Protein kinase C (PKC) isoforms have crucial roles in cutaneous signaling. Interestingly, we lack information about their involvement in human sebaceous gland biology. Therefore, in this current study, we investigated the functions of the PKC system in human immortalized SZ95 sebocytes. Using molecular biological approaches, imaging, and functional assays, we report that SZ95 sebocytes express the conventional cPKCα; the novel nPKCδ, ɛ, and η; and the atypical aPKCζ. Activation of the PKC system by phorbol 12-myristate 13-acetate (PMA) stimulated lipid synthesis (a hallmark of differentiation) and resulted in translocation and then downregulation of cPKCα and nPKCδ. In good accord with these findings, the effect of PMA was effectively abrogated by inhibitors and short interfering RNA-mediated "silencing" of cPKCα and nPKCδ. Of further importance, molecular or pharmacological inhibition of nPKCδ also prevented the lipogenic and apoptosis-promoting action of arachidonic acid. Finally, we also found that "knockdown" of the endogenous aPKCζ activity markedly increased basal lipid synthesis and apoptosis, suggesting its constitutive activity in suppressing these processes. Collectively, our findings strongly argue for the fact that certain PKCs have pivotal, isoform-specific, differential, and antagonistic roles in the regulation of human sebaceous gland-derived sebocyte biology.

Activation of transient receptor potential vanilloid-3 inhibits human hair growth.

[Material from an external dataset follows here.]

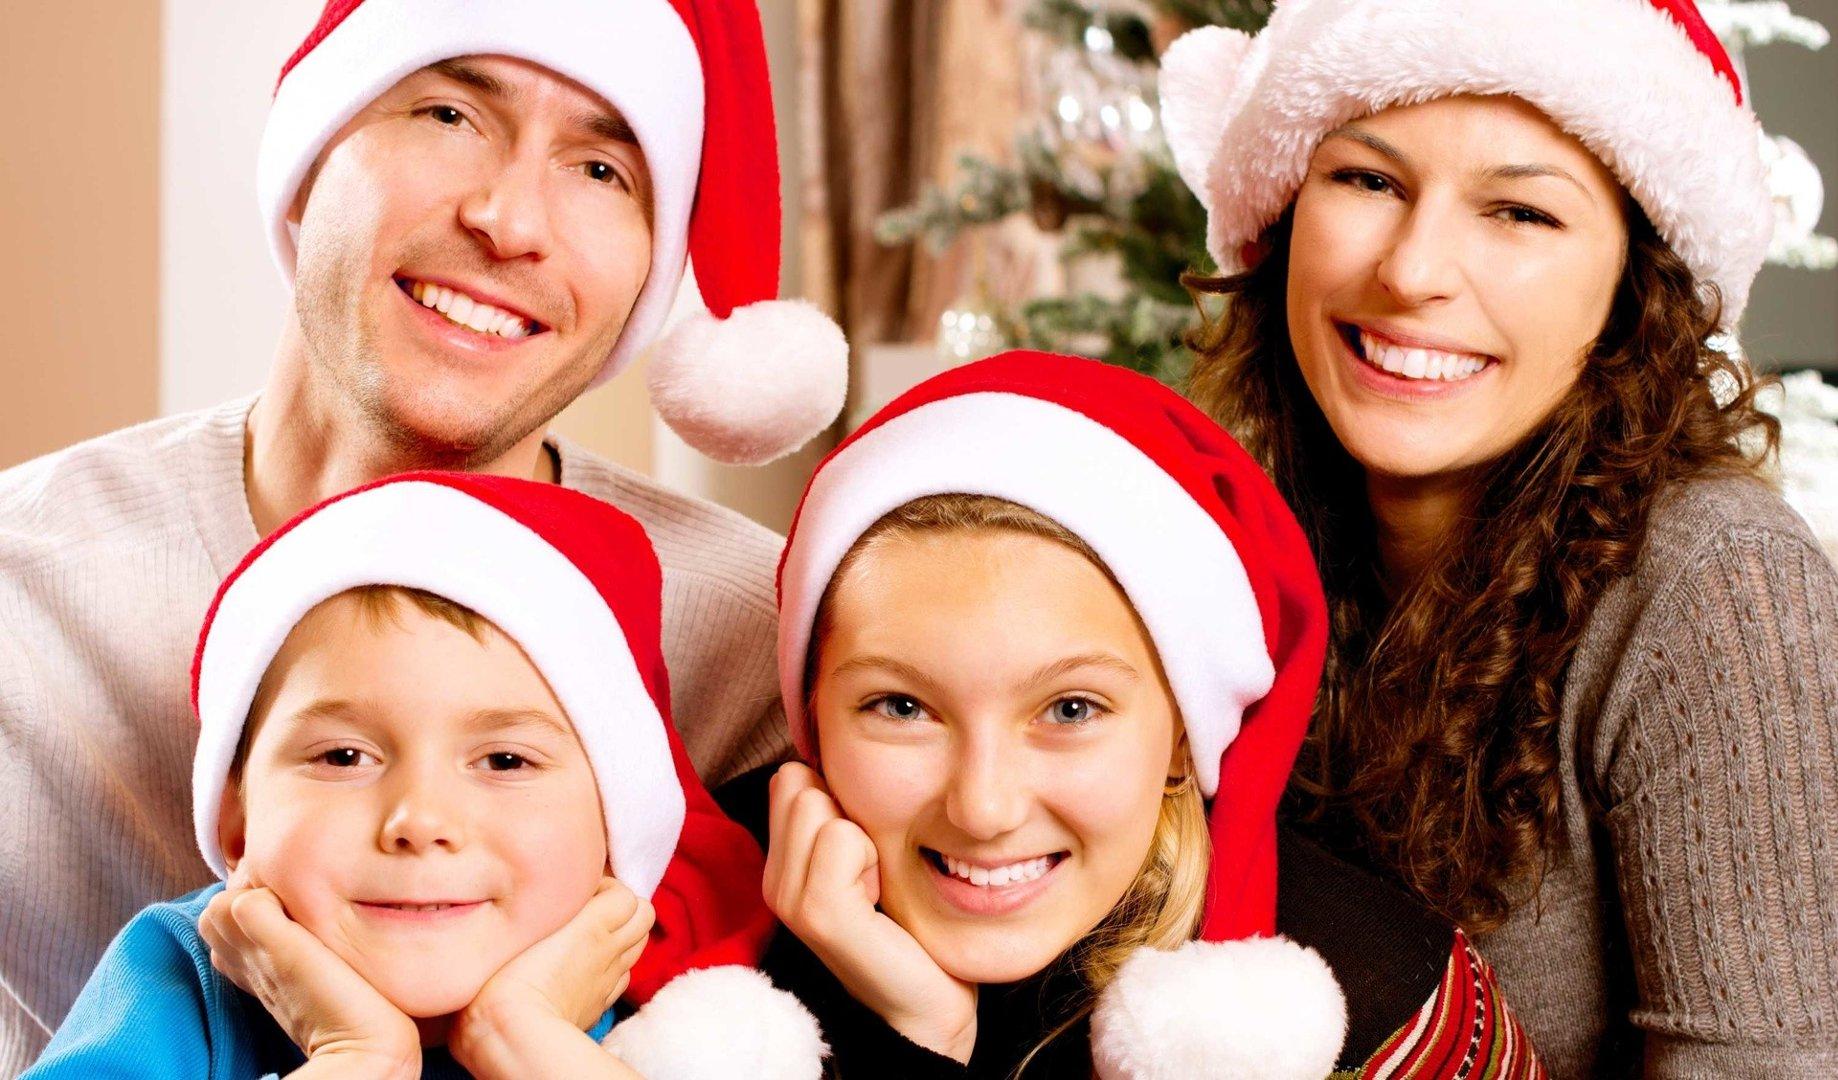 życzenia Bożonarodzeniowe 2019 Od Serca Piękne I
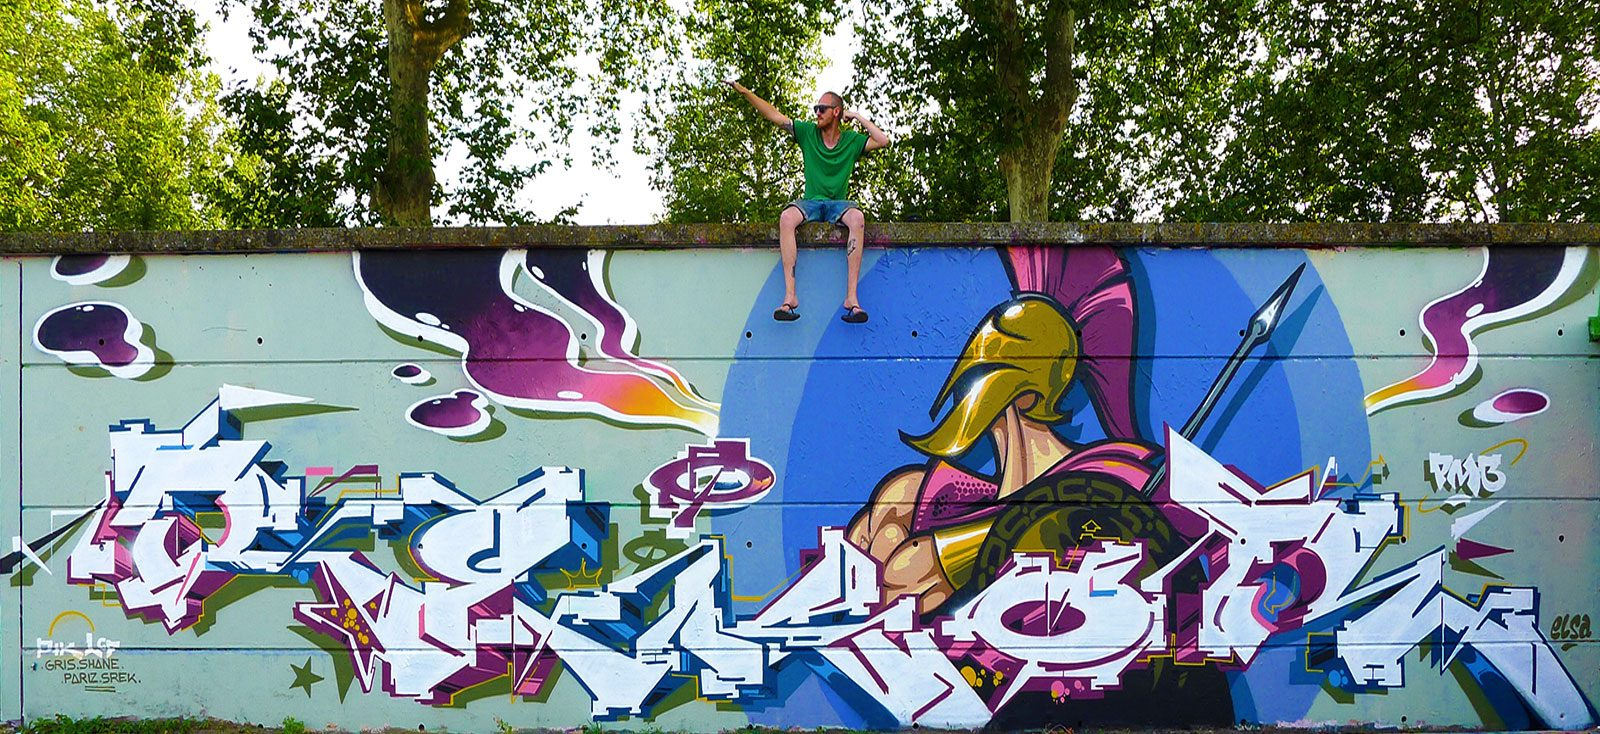 Graffiti ou tatouage, Rekor met tout le monde d'accord

In the current study, we aimed at identifying the functional role of transient receptor potential vanilloid-3 (TRPV3) ion channel in the regulation of human hair growth. Using human organ-cultured hair follicles (HFs) and cultures of human outer root sheath (ORS) keratinocytes, we provide the first evidence that activation of TRPV3 inhibits human hair growth. TRPV3 immunoreactivity was confined to epithelial compartments of the human HF, mainly to the ORS. In organ culture, TRPV3 activation by plant-derived (e.g., eugenol, 10-1,000 µM) or synthetic (e.g., 2-aminoethoxydiphenyl borate, 1-300 µM) agonists resulted in a dose-dependent inhibition of hair shaft elongation, suppression of proliferation, and induction of apoptosis and premature HF regression (catagen). Human ORS keratinocytes also expressed functional TRPV3, whose stimulation induced membrane currents, elevated intracellular calcium concentration, inhibited proliferation, and induced apoptosis. Of great importance, these effects on ORS keratinocytes were all mediated by TRPV3, as small interfering RNA-mediated silencing of TRPV3 effectively abrogated the cellular actions of the above agonists. These findings collectively support the concept that TRPV3 signaling is a significant player in human hair growth control. Therefore, TRPV3 and the related intracellular signaling mechanism might function as a promising target for pharmacological manipulations of clinically relevant hair growth disorders.